(Exercise details): Return every line below as is, leaving out the pictures.

(Data segment):
******************************
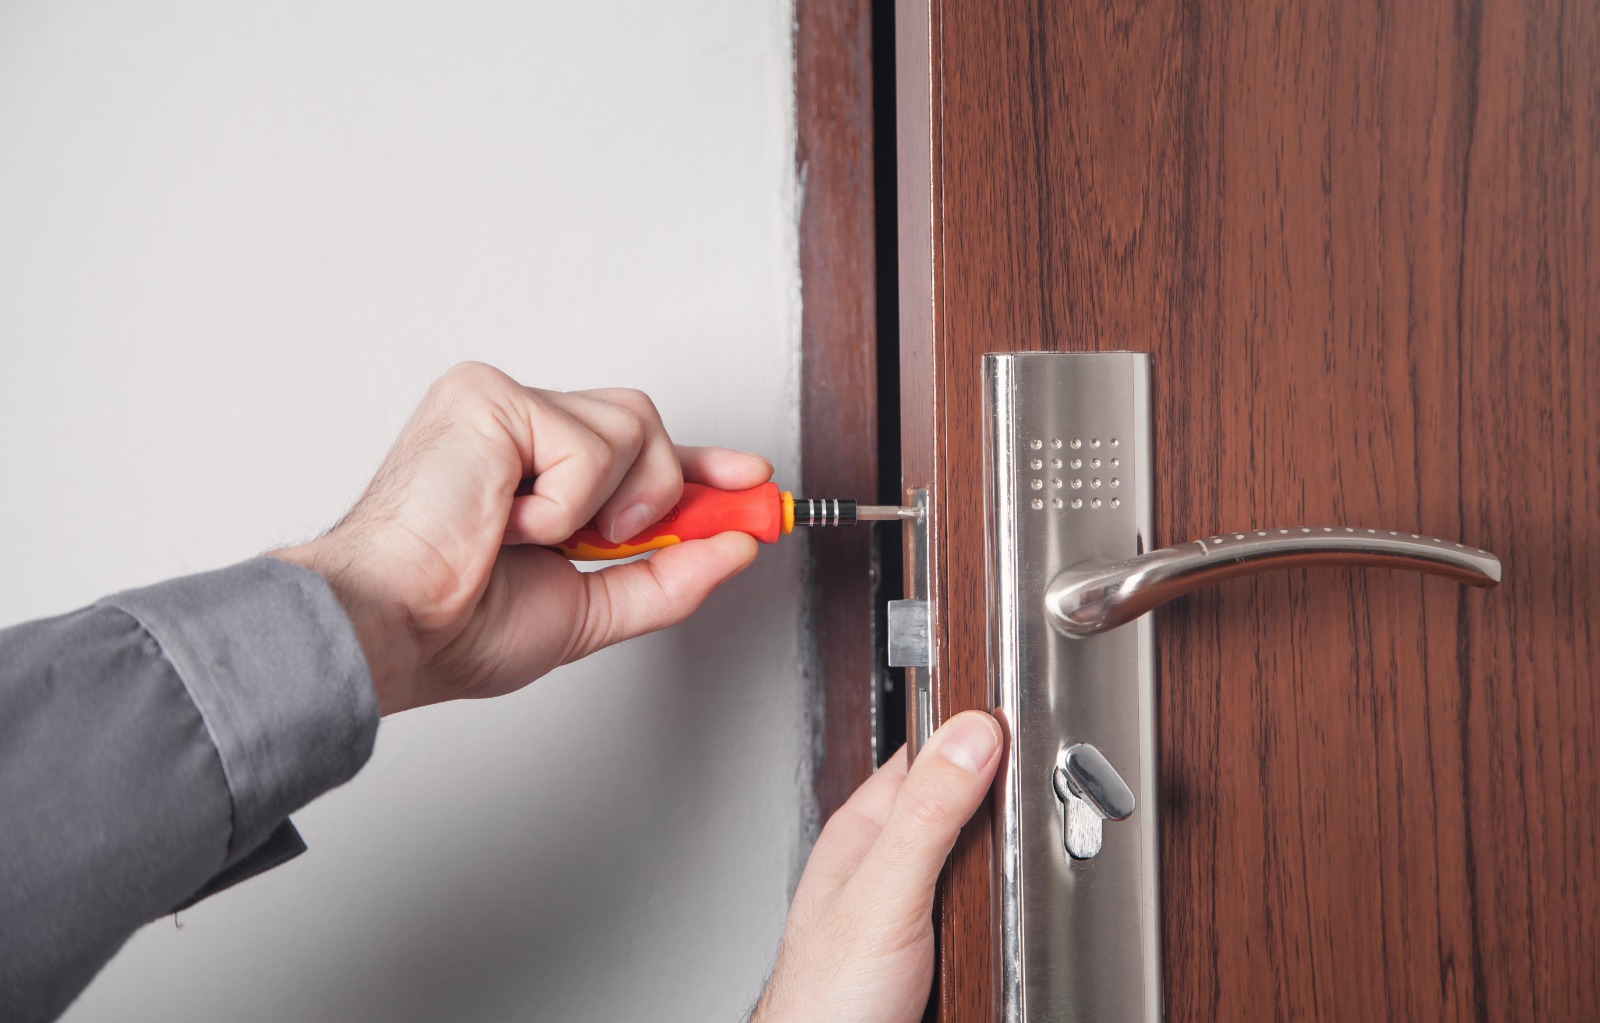 Geaccepteerd Namens zoeken Sluitwerk van de deur: laten vervangen of zelf doen? Tips & advies!
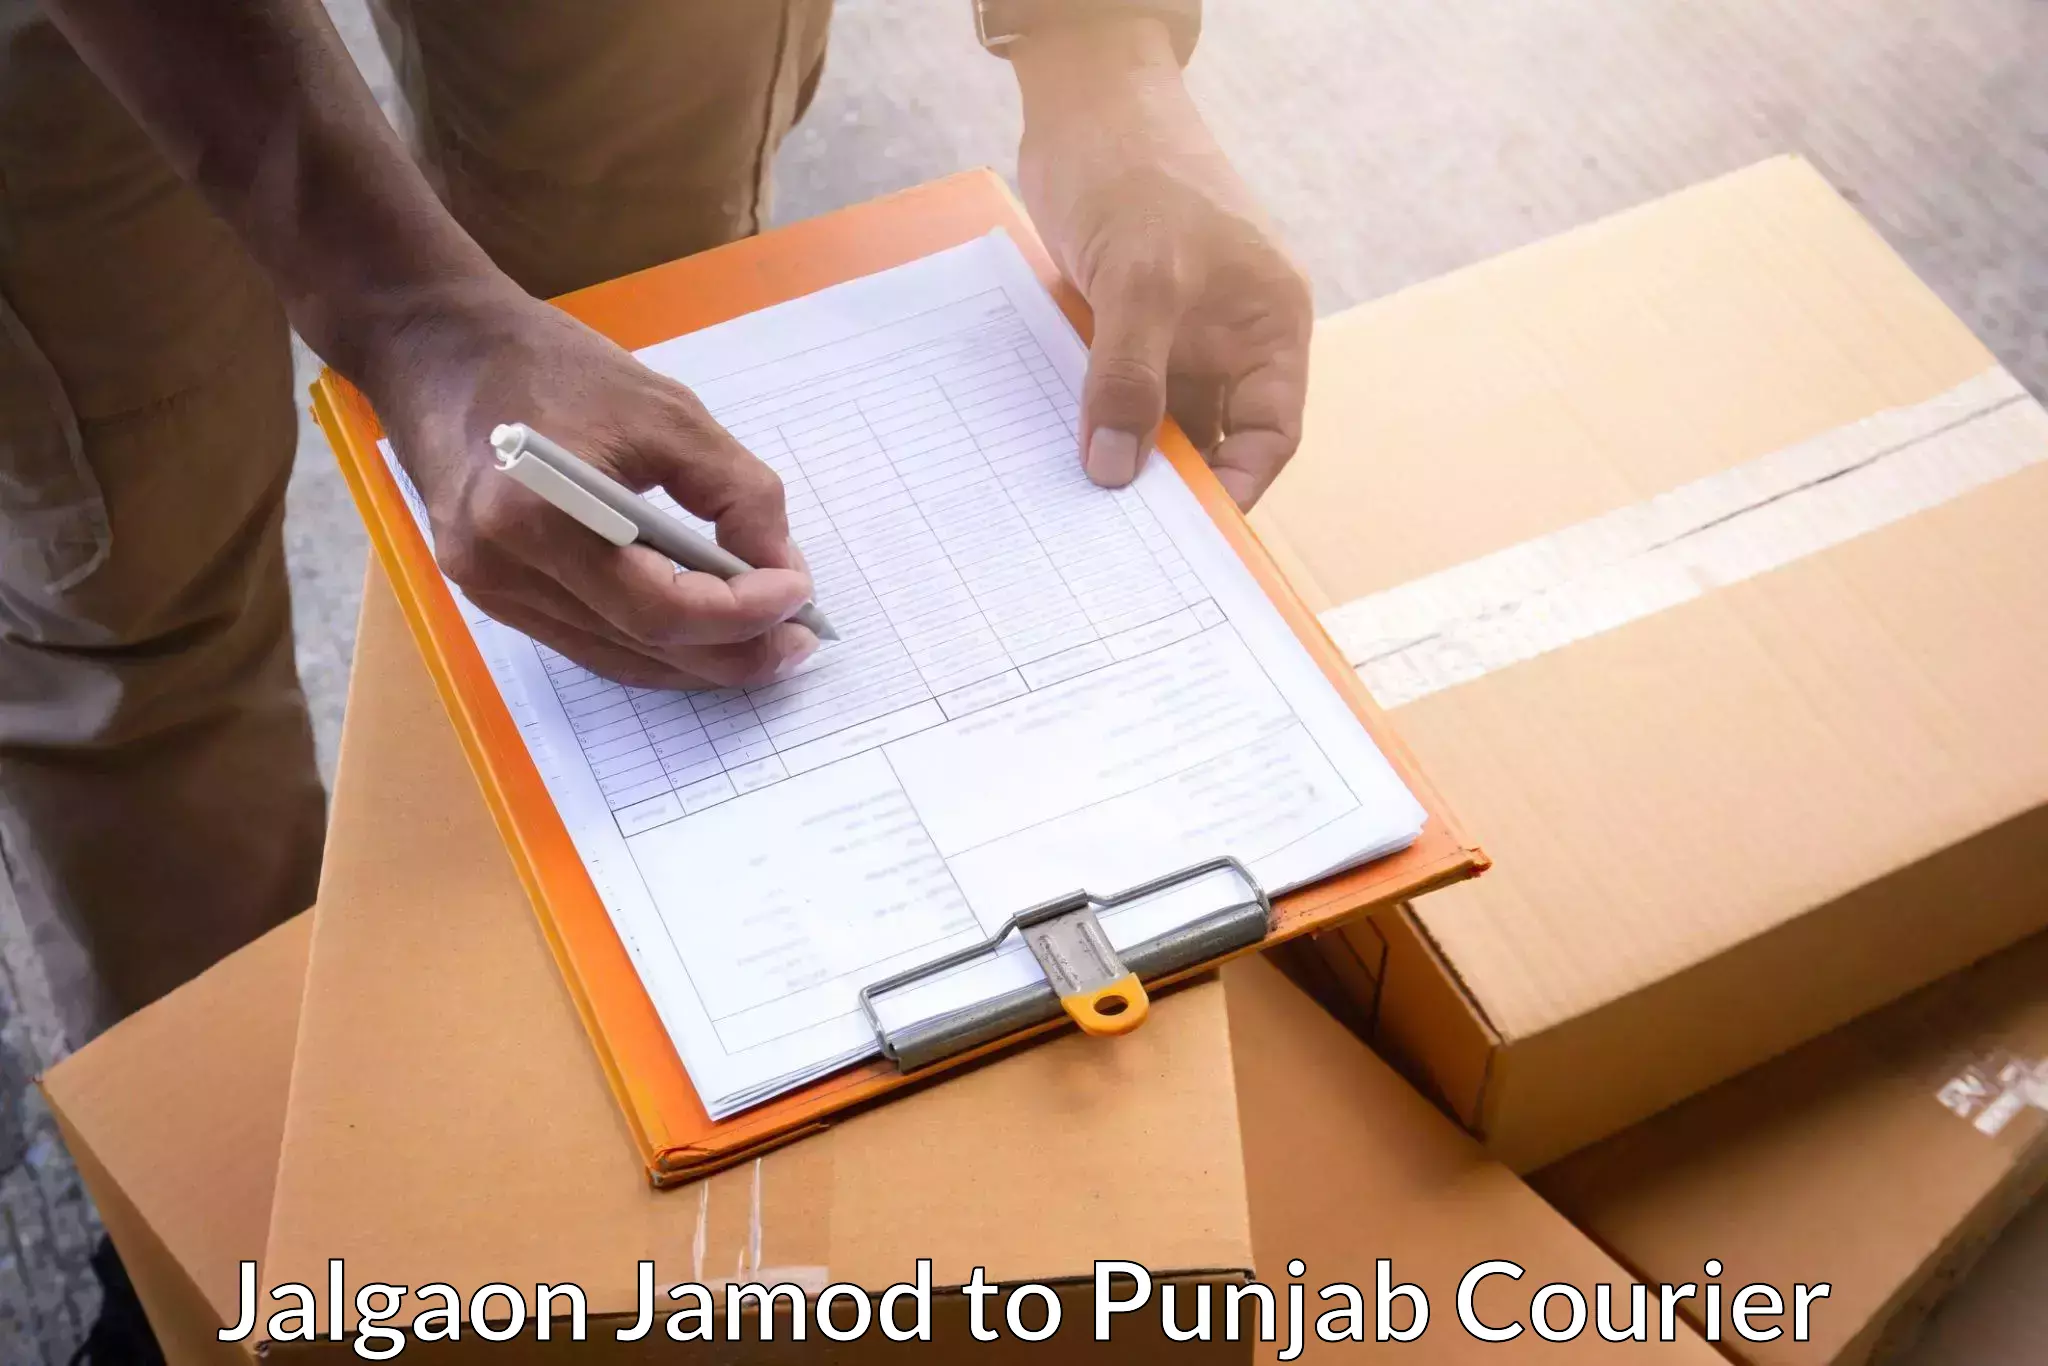 Bulk shipment Jalgaon Jamod to Punjab
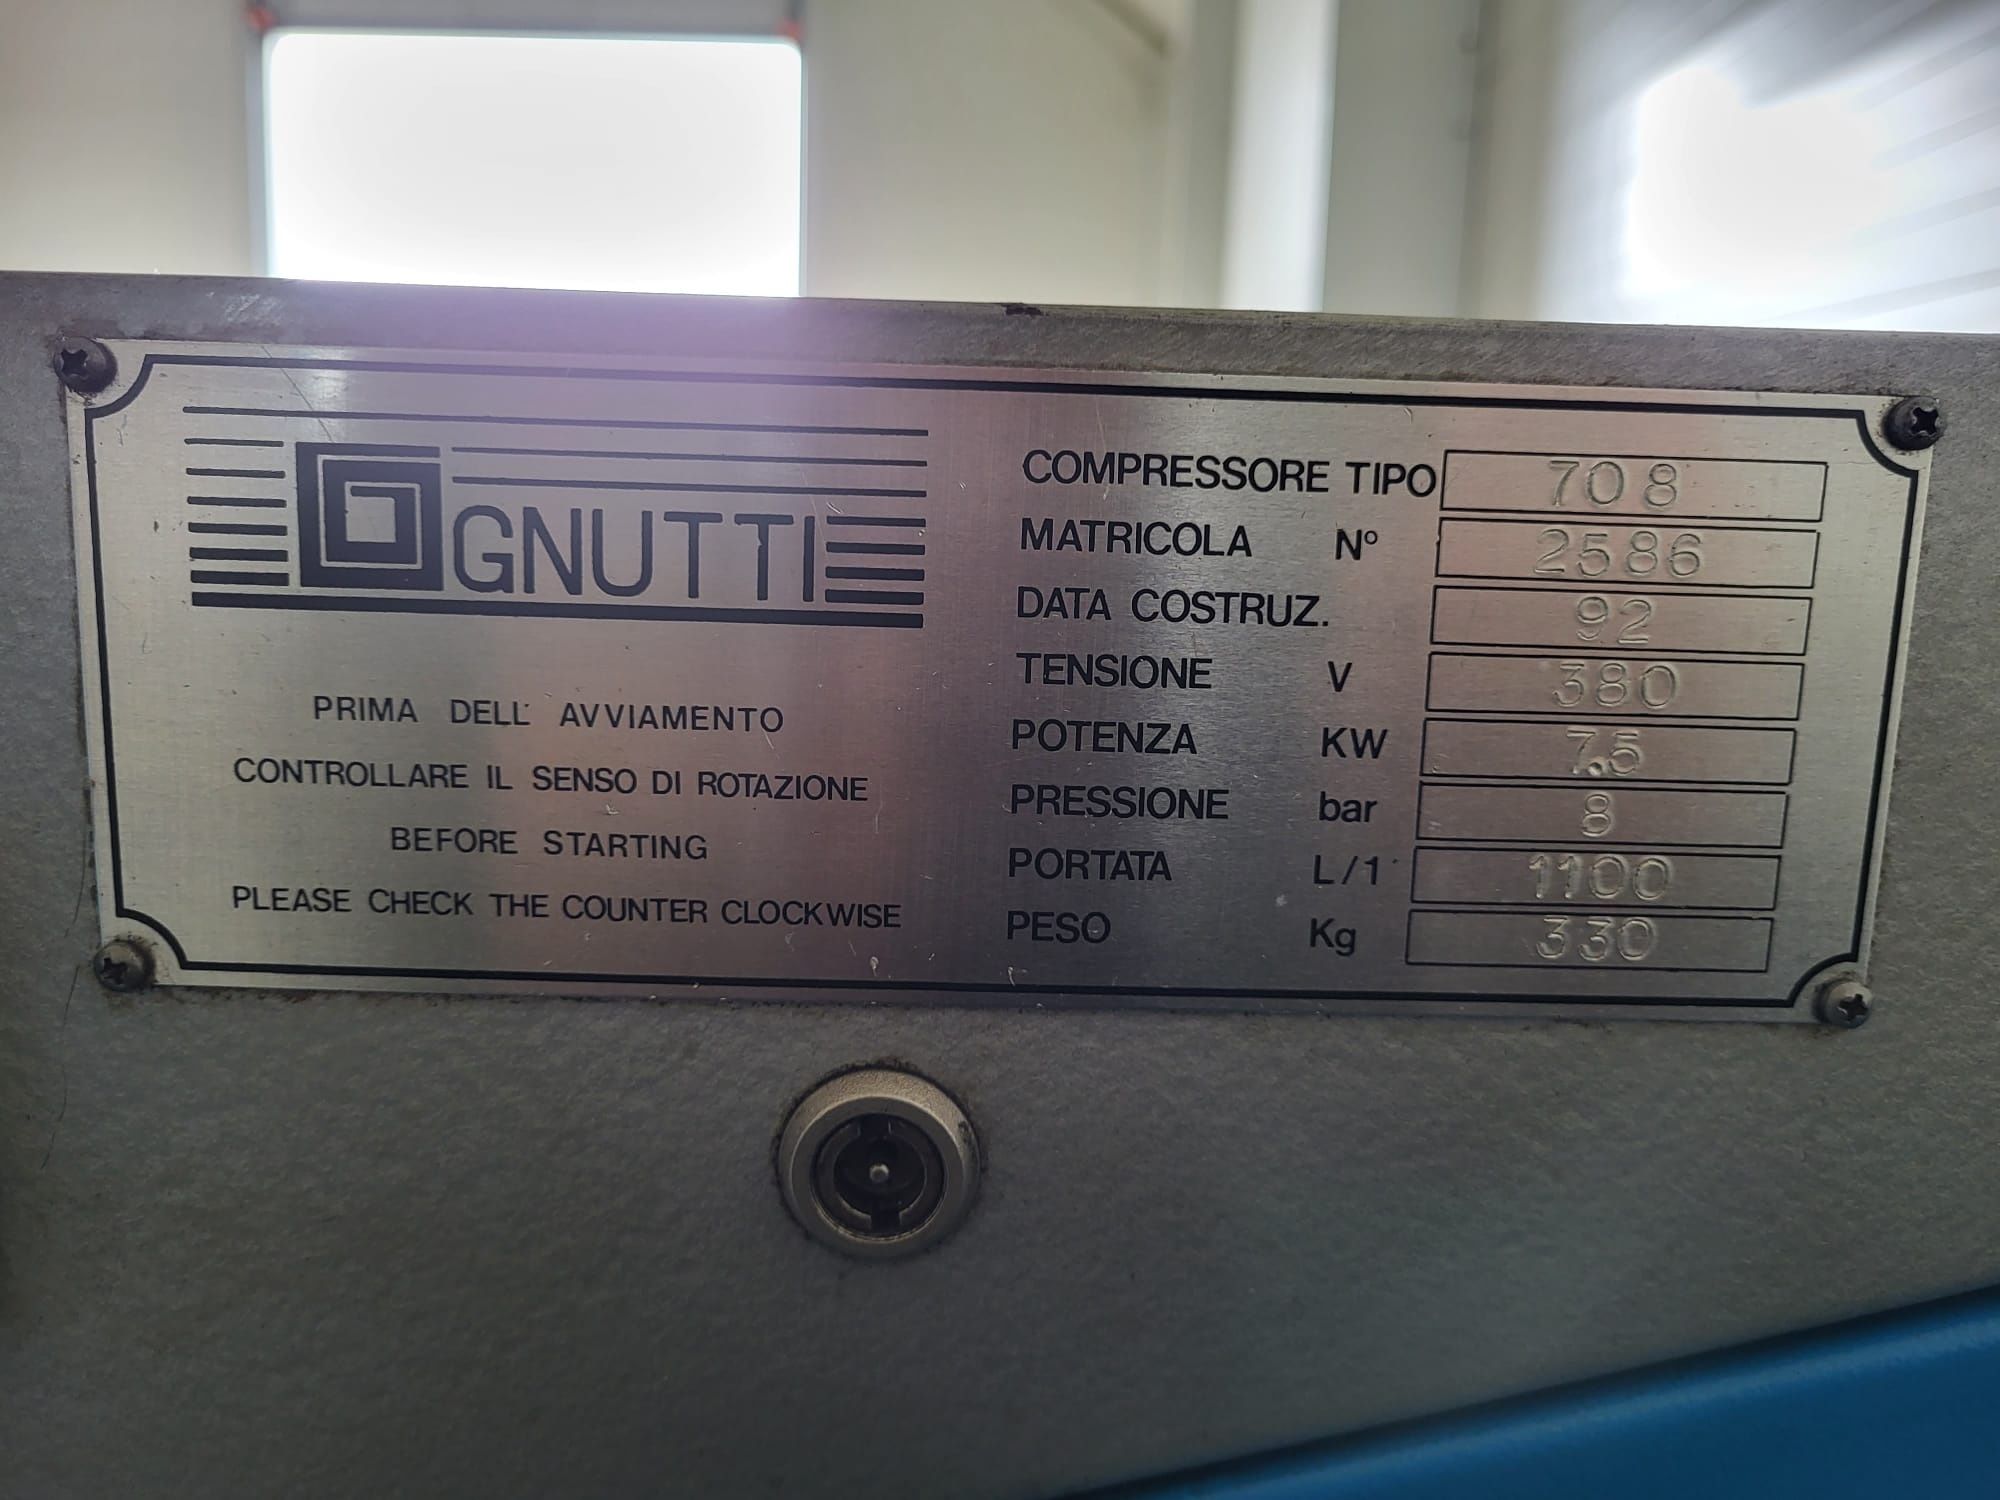 Kompresor łopatkowy Gnutti
******************************
(Result):
 Geaccepteerd Namens zoeken Sluitwerk van de deur: laten vervangen of zelf doen? Tips & advies!
 Bulk shipment Jalgaon Jamod to Punjab
 Kompresor łopatkowy Gnutti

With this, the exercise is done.